Иван Сурвилло ушел из Вышки в конце первого курса. Спустя полтора года он успел получить звание одного из самых перспективных молодых журналистов, стать мемом в твиттере и взять несколько десятков интервью. Пообщались с Иваном о его работе, о том, почему он защищает Ивана Колпакова и из-за чего его критикуют в соцсетях.
Интервью взято 19.02.2019
Редактура, блог, рассылка
— Тебя называют «самым востребованным молодым специалистом в российских медиа» и «человеком, который потеснит Дудя». Насколько ты согласен с такими словами?
— Конечно, они щекочут тщеславие. Мне кажется, это слишком амбициозно. У меня совершенно нет ощущения, что я соответствую этим званиям.
— Ты считаешь себя успешным человеком?
— Смотря что считать мерилом успеха. Наверное, да. Ну как бы чувак ушел из Вышки, взял кучу интервью у интересных и известных людей — Венедиктова, Зыгаря, Тимченко. Работает спецкором в The Village (сейчас работает фрилансом на несколько редакций — прим. The Vyshka), пишет для «Афиши», и его зовут еще в несколько изданий. The Village — это место, куда я хотел еще в тот момент, когда вообще не знал, что пойду в журналистику. Поэтому меня можно назвать успешным.
А с другой стороны, я-то понимаю, что ничего не успеваю. Если бы я меньше ленился, у меня бы получалось делать больше чего-то классного.
— Почему ты так хотел работать в The Village?
— Потому что это одно из лучших изданий про Москву. У The Village есть какой-то особый дух, который, даже когда я не был в штате, ощущался через их тексты. Я просто читал это издание и думал о том, что было бы прикольно у них поработать. Там очень классные люди, которые постоянно мне помогают. Я дико лажаю, а они на это не обращают внимания.
— А чем ты занимался до The Village?
— Я какое-то время сотрудничал с другими изданиями, например, с «Афишей». У них тоже классно, поэтому я до сих пор туда пишу. Вообще, раньше я занимался редактурой, а не журналистикой. Наверное, это не очень корректно сравнивать, поскольку сферы довольно разные.
— Расскажи про работу редактором.
— Первые деньги я заработал, написав текст для магазина париков. Так что я разбираюсь в париках.

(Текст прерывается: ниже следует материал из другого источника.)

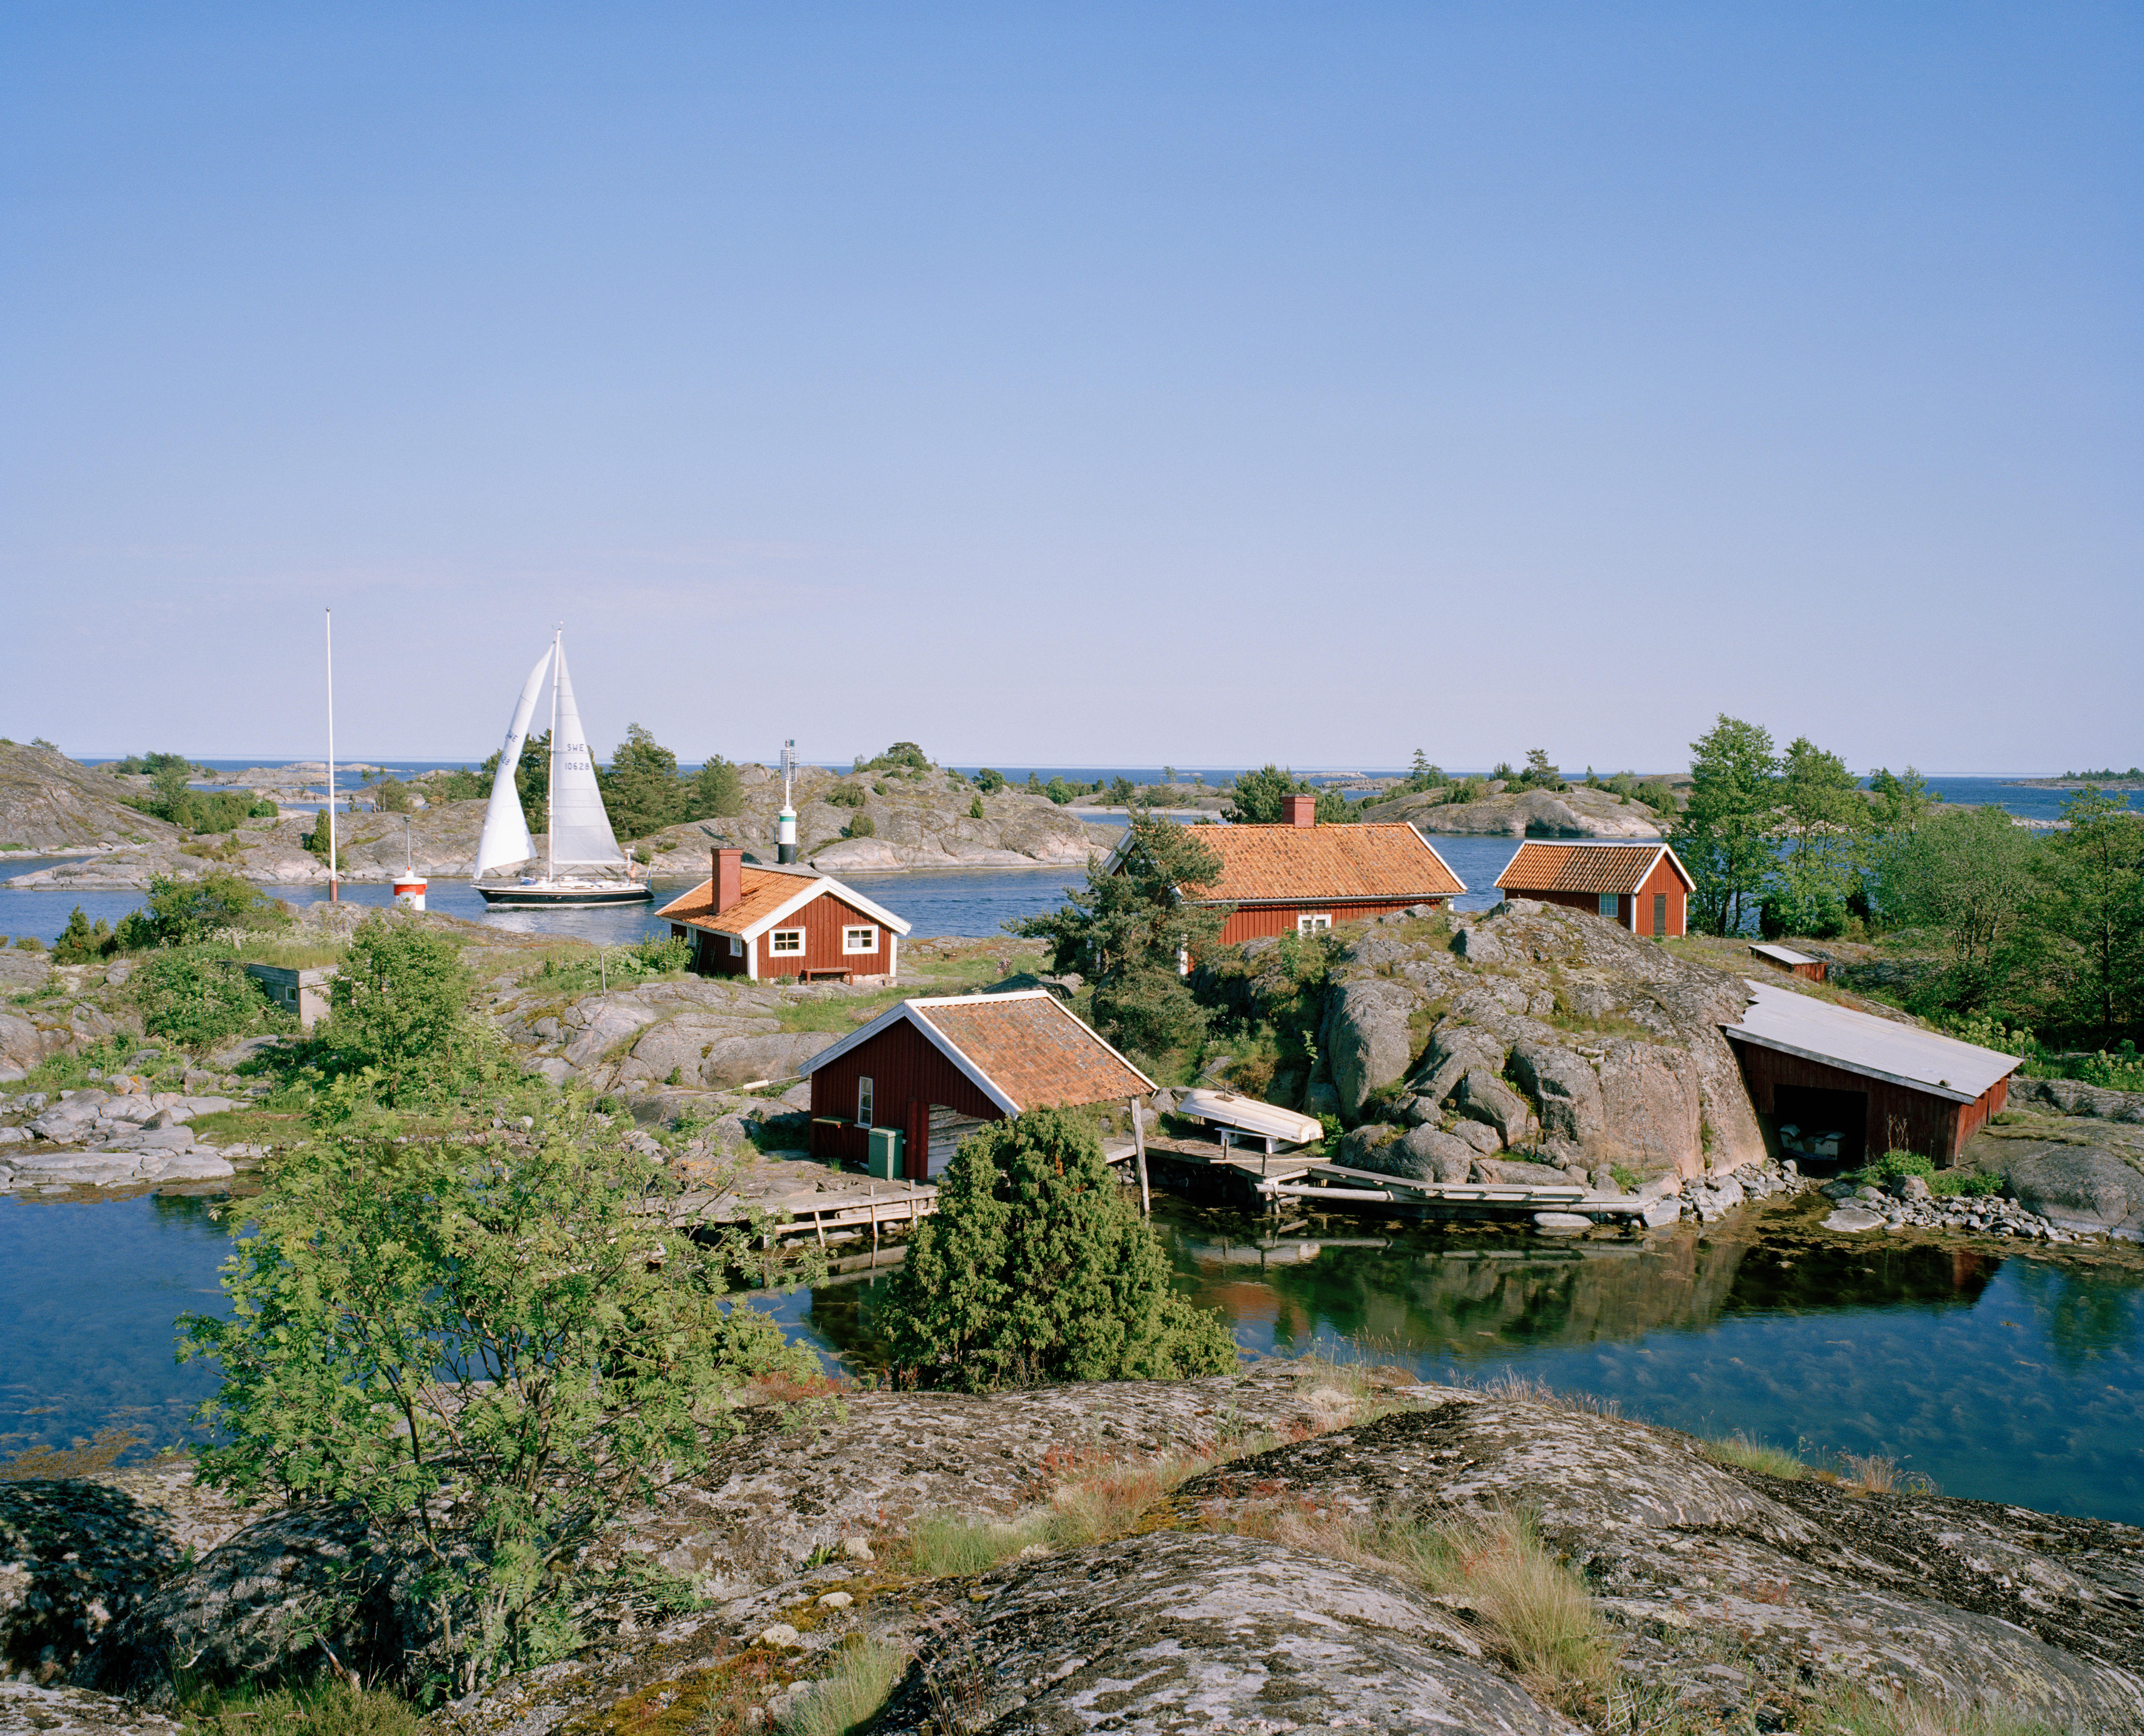 Stockholm archipelago, Sweden (Alamy/PA)

Это было в начале одиннадцатого класса. Я пошел на курс к Максиму Ильяхову «Редакционный стиль и редактура текста». С этого всё и началось. Первые клиенты находили меня через блог. Я всегда говорю, что писал тексты для компаний. Тут все немножко скользко, потому что у меня было много проектов, о которых я не имею права рассказывать. Это долгая история, но ничего выдающегося на редакторской ниве я не совершил, скажем так.

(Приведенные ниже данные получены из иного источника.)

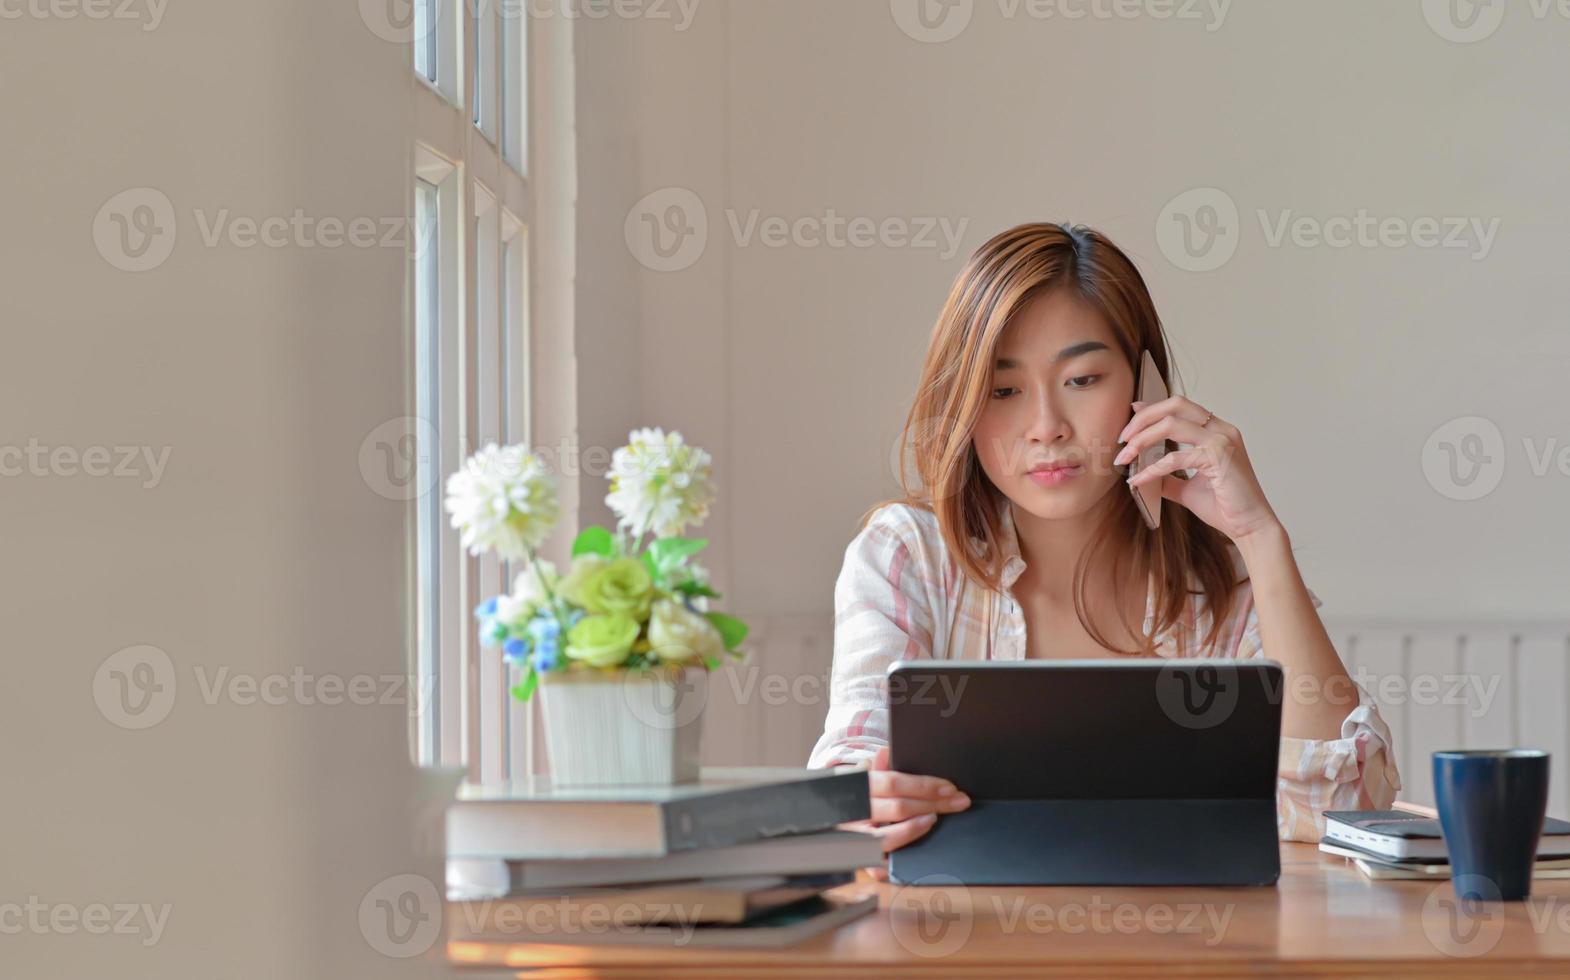 kvinnlig högskolestudent som studerar online hemma använder en smartphone för råd från en instruktör. foto

— С чего вообще началась твоя активная деятельность?
— Где-то с середины десятого класса я начал следить за другими блогерами и думать о том, что было бы здорово писать что-то своё. Сначала это казалось дико сложным, но потом меня достала эта идея. Я просто сел и разобрался во всем. Кажется, свой первый пост я опубликовал в три часа ночи. Какое-то время я писал только для мамы и кота.

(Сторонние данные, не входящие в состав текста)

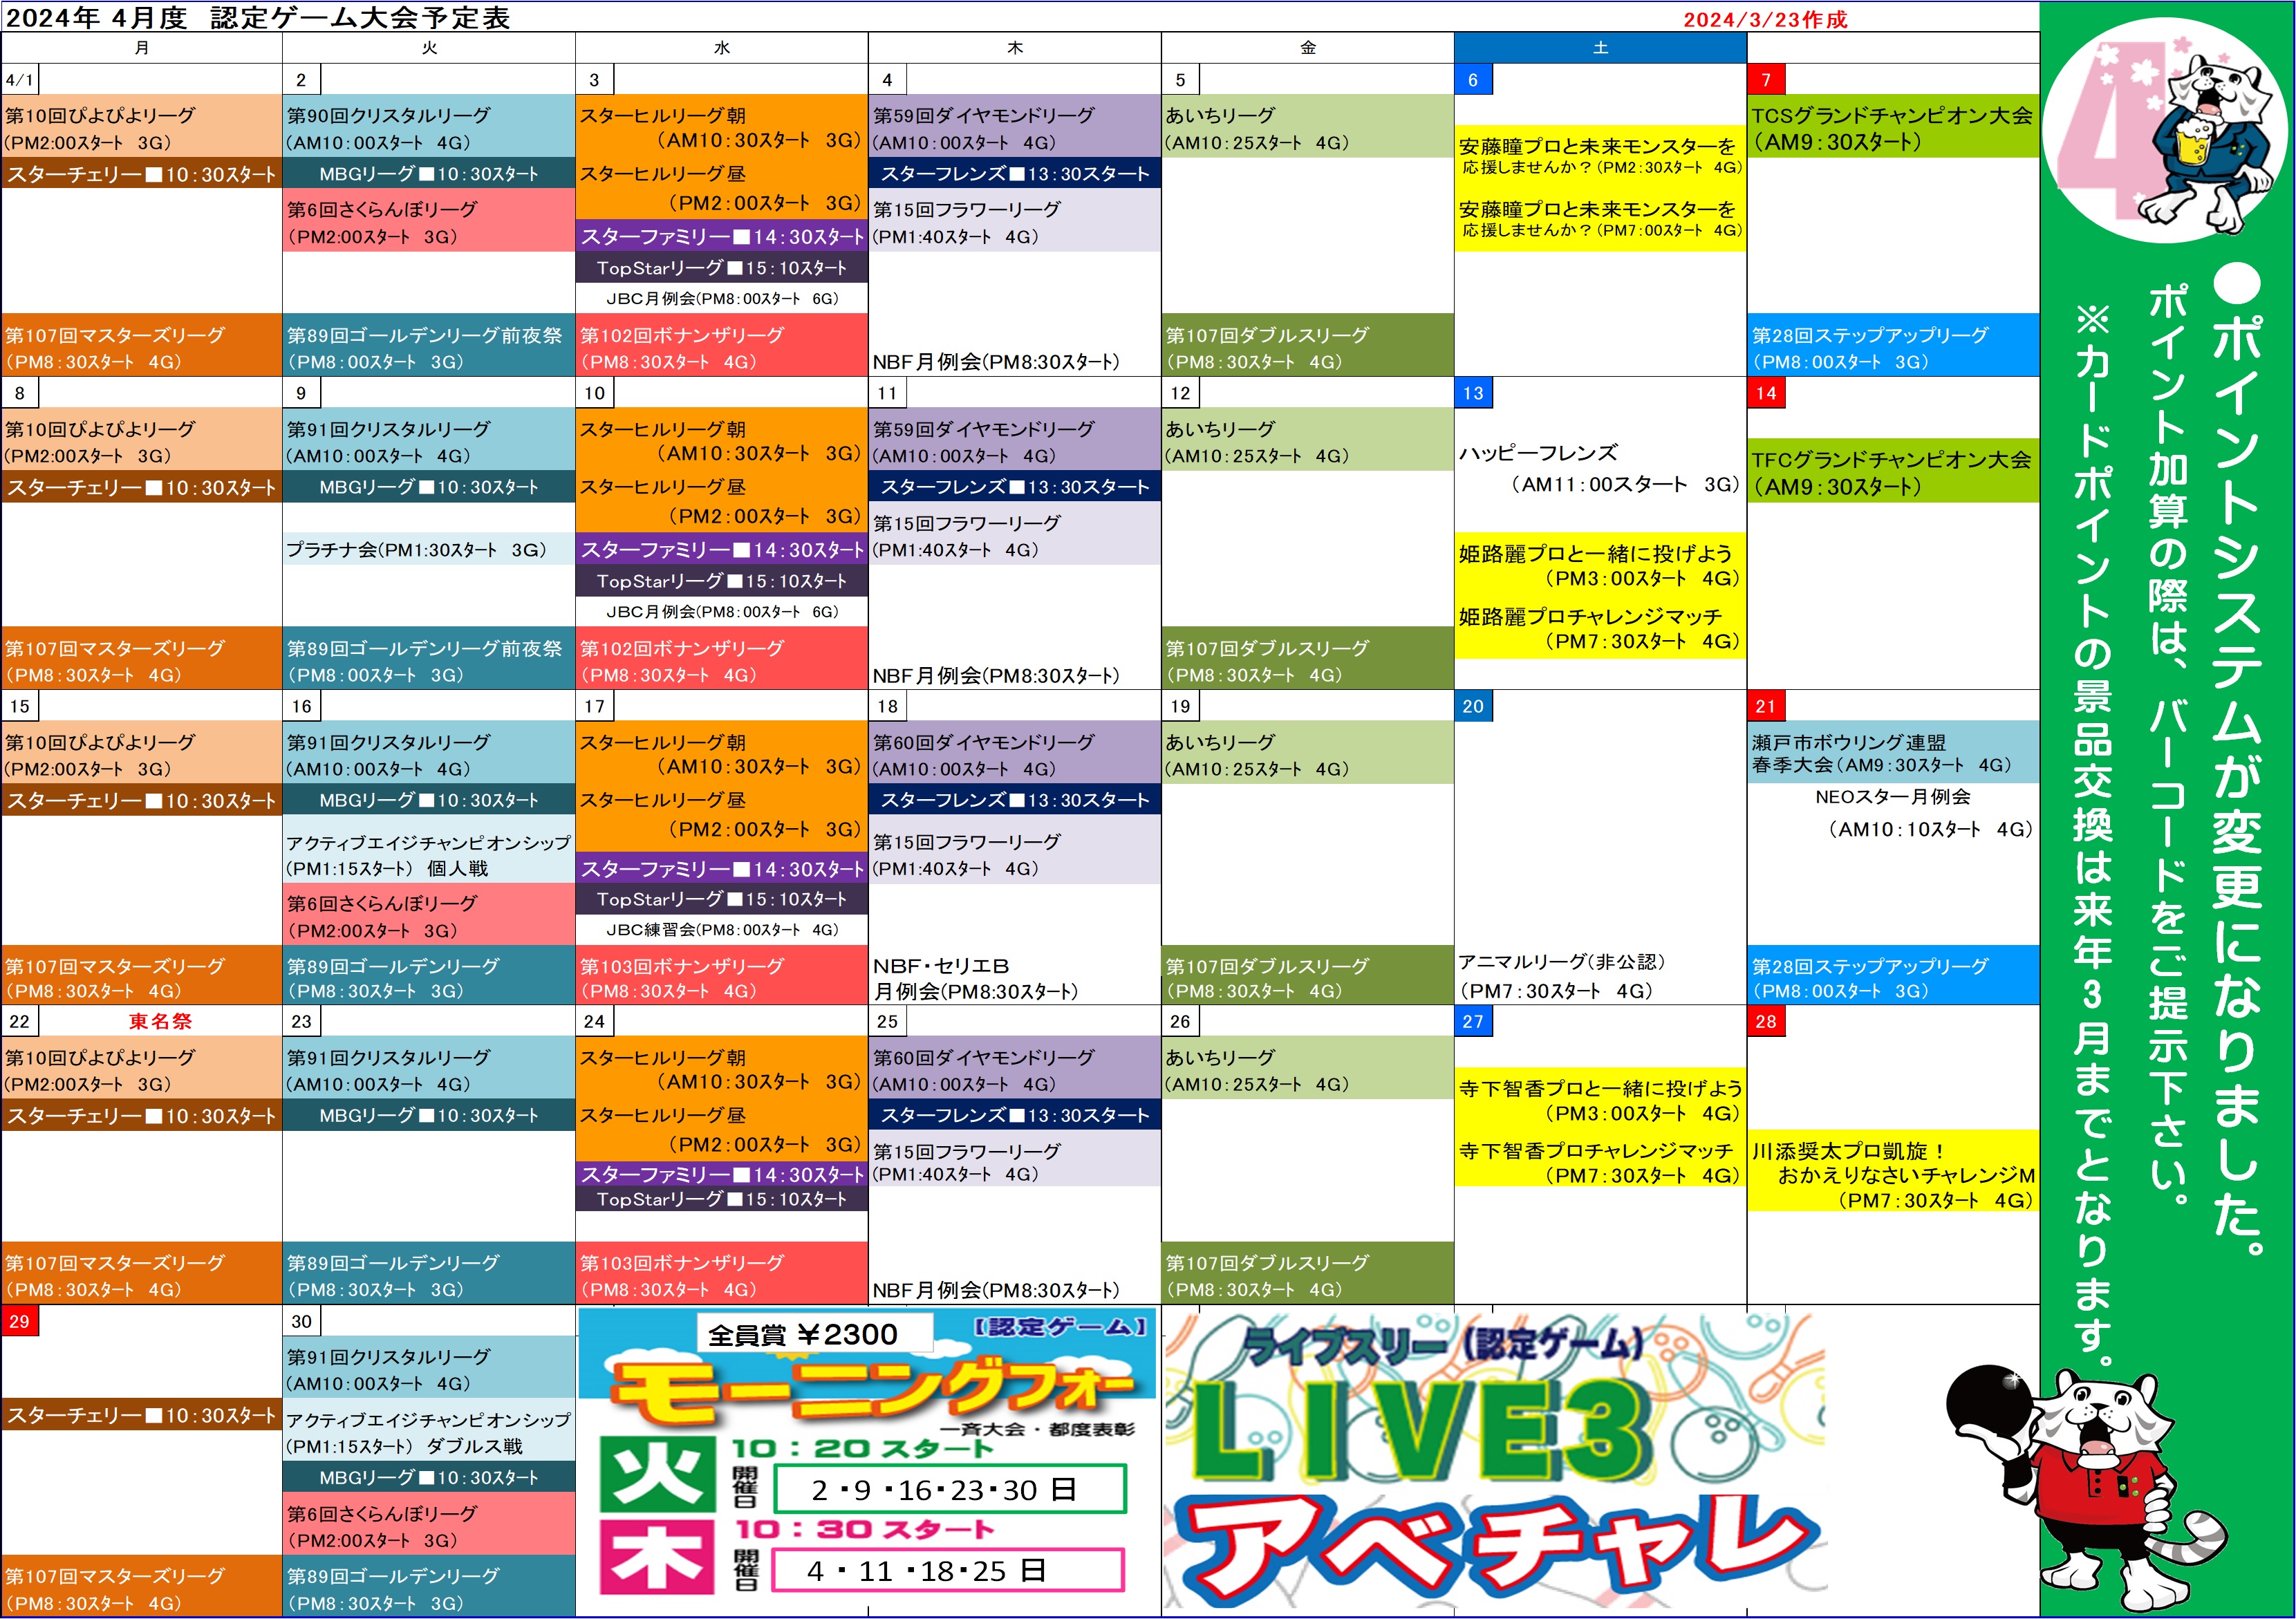 ★会員様向け★2024年4月認定ゲーム大会予定表

Я это называю периодом марсианской колонии. У тебя есть колония на Марсе, а ты космонавт, которого выбросили из шаттла. И вот ты идёшь к этой колонии. Тебе нужно долго-долго идти. Пока рядом с тобой идут только мама и кот.
— О чем были твои первые записи?
— Я даже не помню. Какие-то дико лайфстайловые. А потом я просто написал статью в интернет-издание «Мел» и рассказал, почему не люблю ходить в школу. Эту статью ругала половина русского фейсбука.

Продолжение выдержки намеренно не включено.